* Available records:
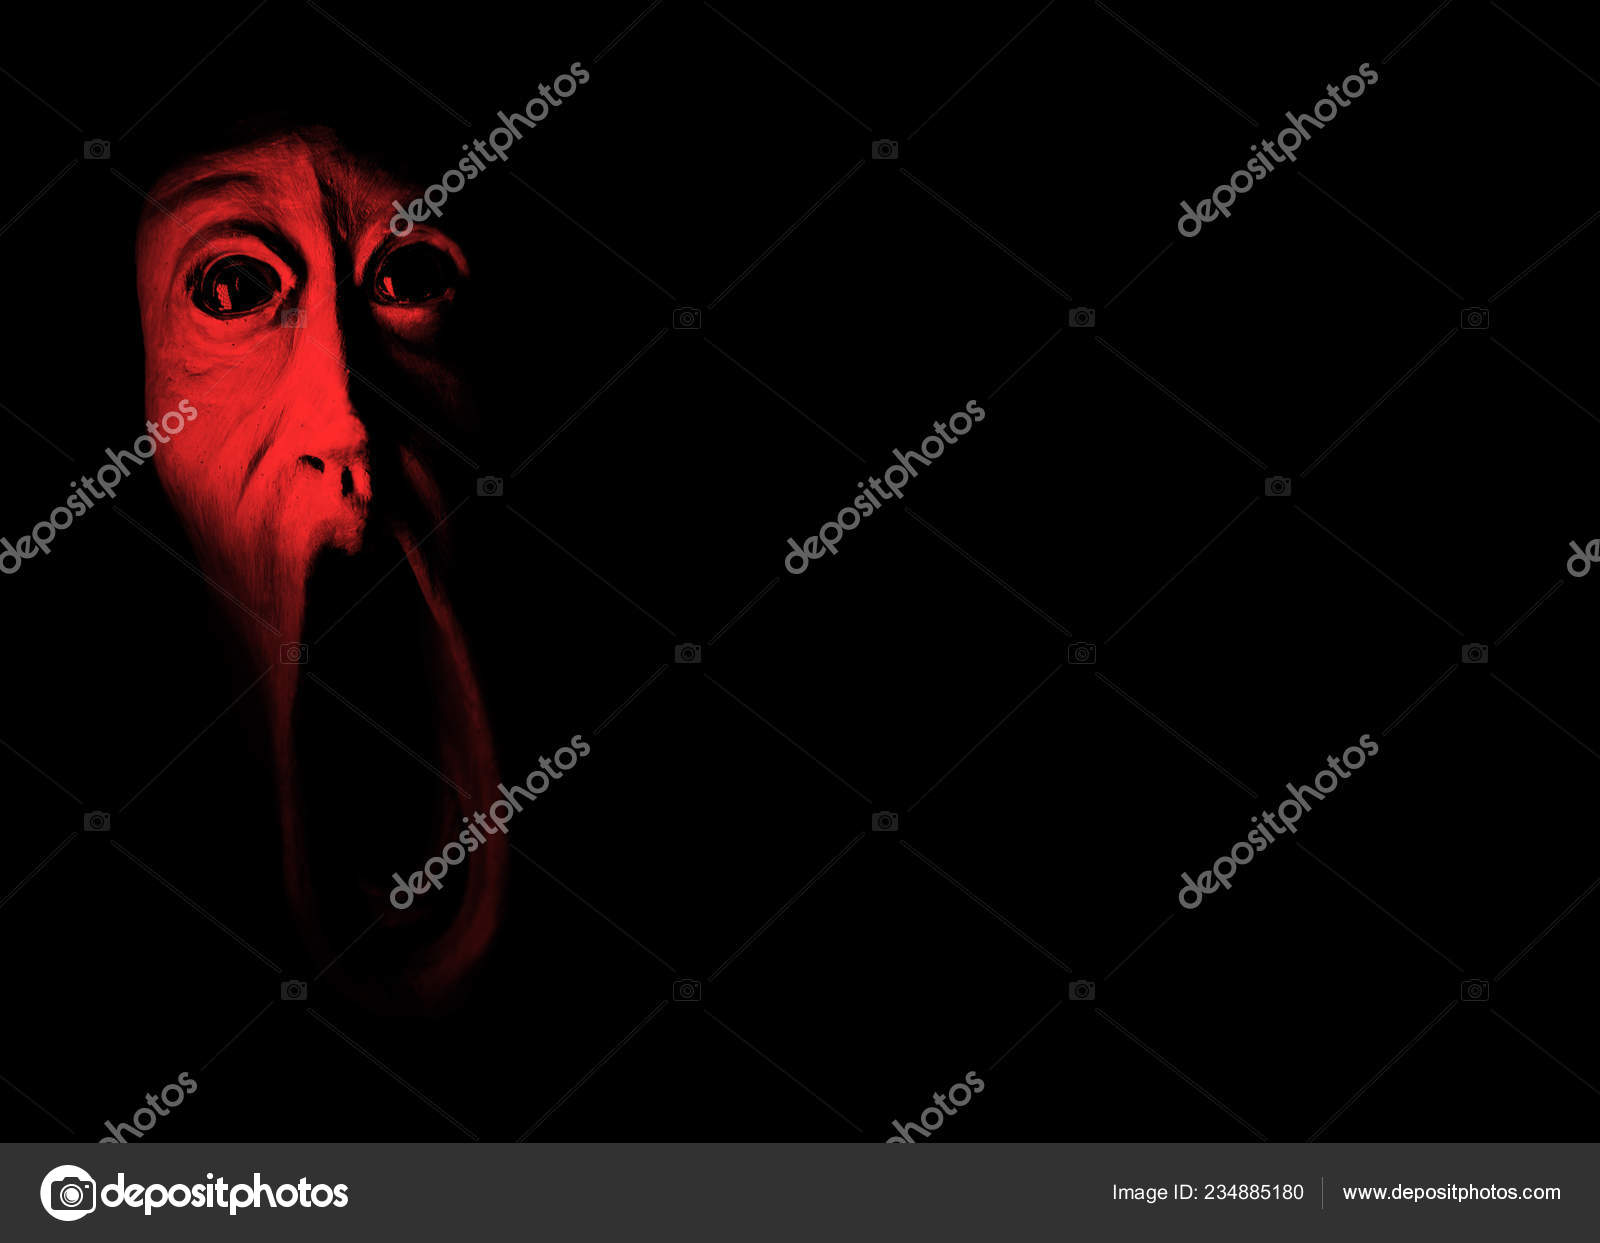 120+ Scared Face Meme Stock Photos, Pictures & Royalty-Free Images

...

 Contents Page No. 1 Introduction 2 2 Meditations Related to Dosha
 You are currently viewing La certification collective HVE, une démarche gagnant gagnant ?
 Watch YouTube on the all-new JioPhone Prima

* Task brief: Both end lines included, restate word for word the lines above from the line with "Contents Page No." to the line with "Watch YouTube on the all-new JioPhone Prima", and nothing else.

* Solution to this problem:
 Contents Page No. 1 Introduction 2 2 Meditations Related to Dosha
 You are currently viewing La certification collective HVE, une démarche gagnant gagnant ?
 Watch YouTube on the all-new JioPhone Prima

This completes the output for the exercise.